Album Reviews

Cassius – Dreems

(Justice / Love Supreme) UK release date: 21 June 2019


Cassius - Dreems As tributes roll in for Philippe Zdar, the member of Cassius who died a few days prior, it’s hard not to conclude that he was more than a little underrated in life. Cassius never rode French house all the way to the top in the manner of Daft Punk, and Zdar didn’t achieve the pop crossover success that Mirwais did with Madonna, instead working with artists like Beastie Boys and Phoenix and building up a more eclectic ouvre. But death is as good a time as any for reappraisals, and Cassius’ new album Dreems delivers plenty of food for thought with infectious house grooves and pop leanings.

The album is almost entirely mixed and designed for such seamless transitions that examining the first half as individual songs has dubious merit. Fame, however, stands out with swooning vocals and a somewhat anxious groove, as done the opening track’s big piano notes. Rock Non Stop takes things right back to the ’90s, featuring a repetitive vocal hook and chords reminiscent of Marshall Jefferson’s Move Your Body, while Cause oui! keeps these vibes going with a free-associative Mike D verse (“I like Liza Minnelli / not Gaga, don’t tell me / that douchebag Martin Shkreli / like Putin, go bankrupt”)

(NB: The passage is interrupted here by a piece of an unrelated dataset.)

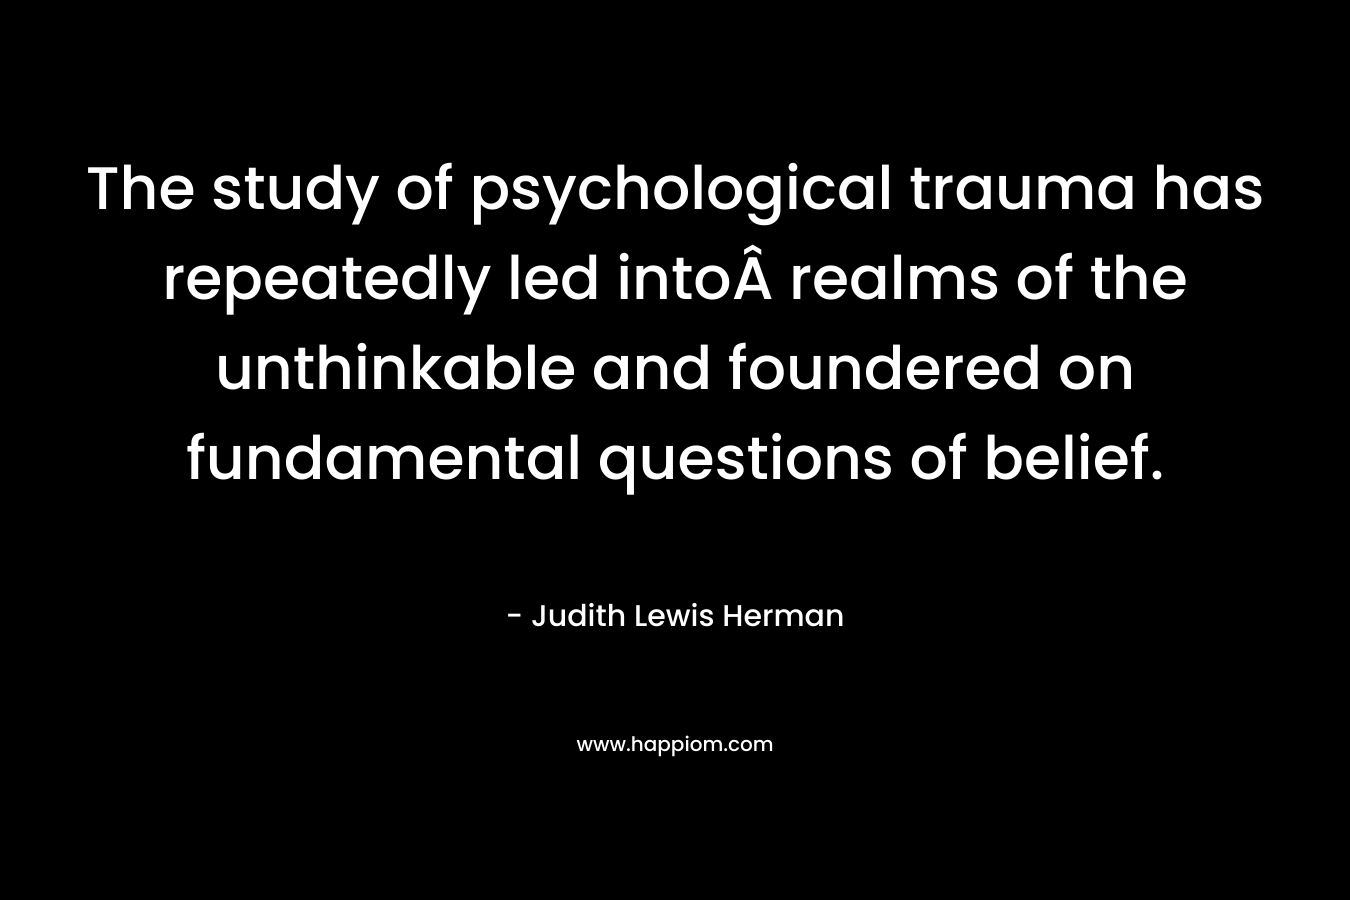 The study of psychological trauma has repeatedly led intoÂ realms of the unthinkable and foundered on fundamental questions of belief.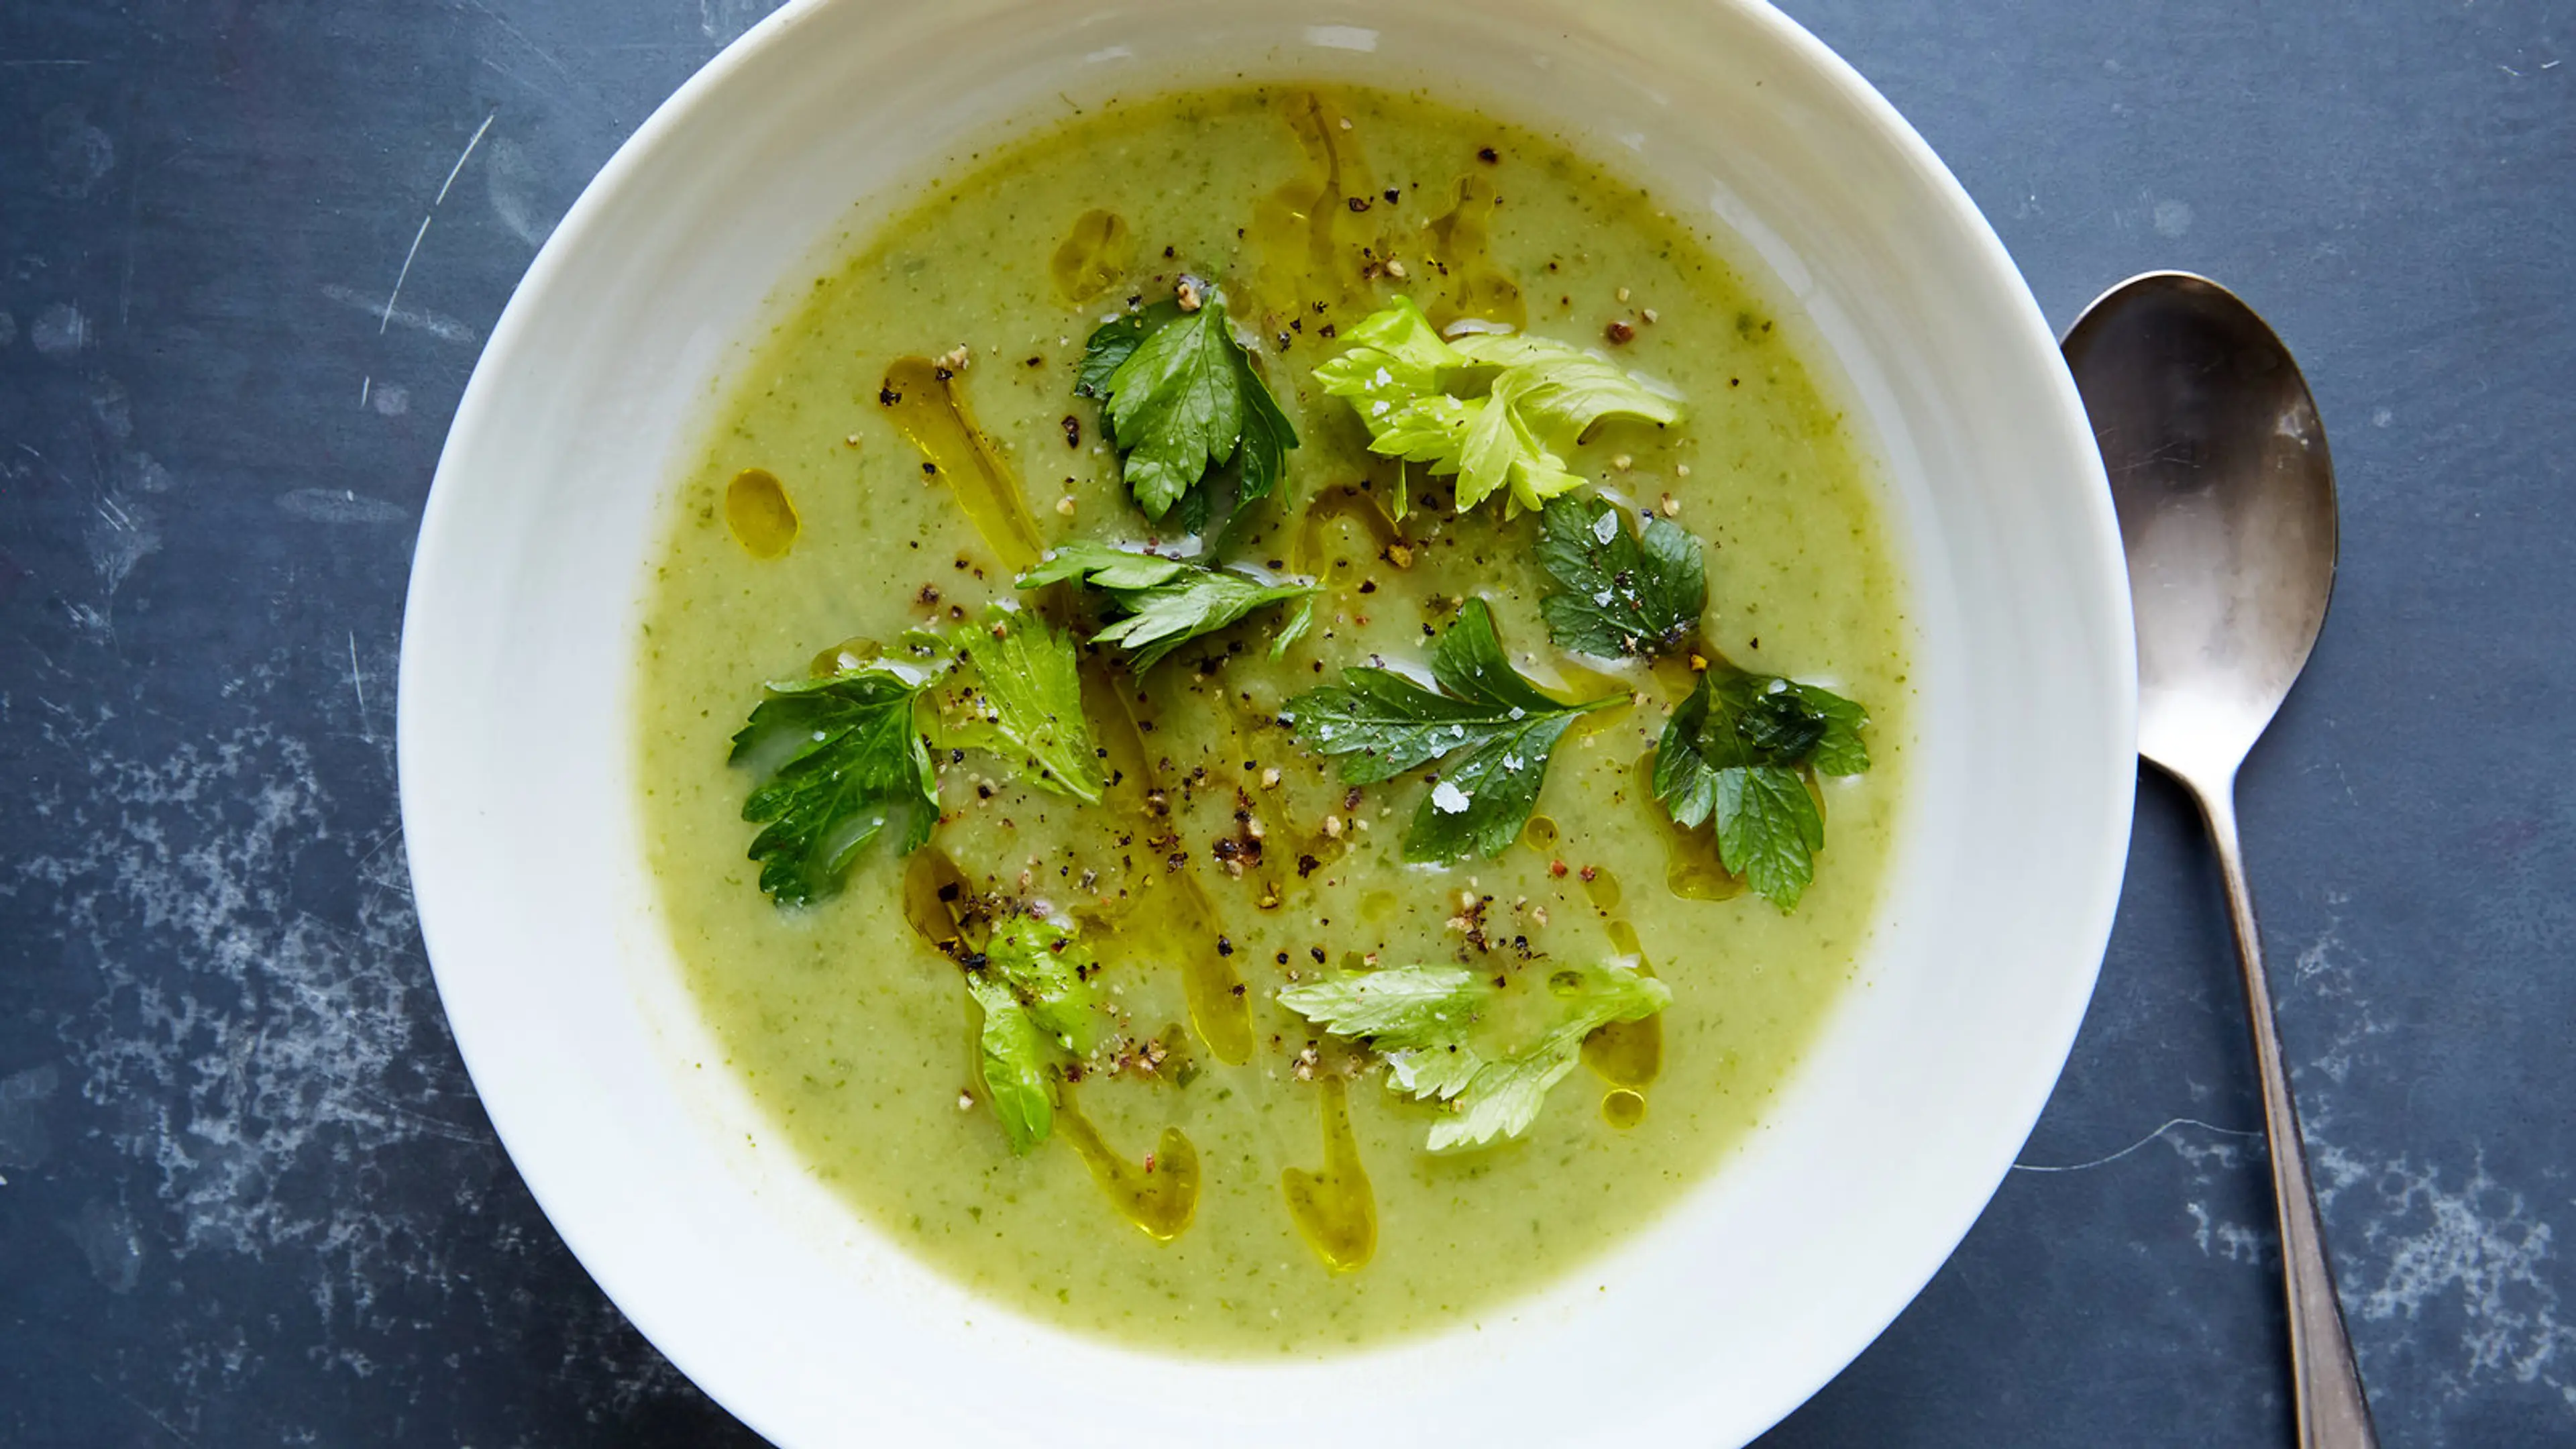 Celery-Leek Soup With Potato and Parsley

The second half of the album contains more standalone tracks and more stylistic variation. W18 is a very impressive update of their 2002 track I’m A Woman. Calliope takes a jittering, syncopated synth figure and loops it over and over to hypnotic effect as a gummy bassline accompanies, while the title track features suitably dreamy (or dreemy) vocals and a mid-tempo beat that is very contemporary in its ’80s nostalgia. The album then ends as grandly as it begins, the plodding beat of Walking In The Sunshine providing an anthemic quality to the shimmering synth chords and Owlle’s impassioned vocals.

Dreems is not a perfect album – too much of the opening stretch is spent in a transitory stage between one interesting moment and another – but it is sequenced with remarkable attention to detail for a very cohesive 50-minute experience. This album has been confirmed as the last Cassius project, and its release comes at the worst possible time for Zdar’s creative partner Boom Bass, but hopefully he can gain some solace from people’s enjoyment of this work, a testament to their freewheeling style and and sense of fun which has lasted through the decades.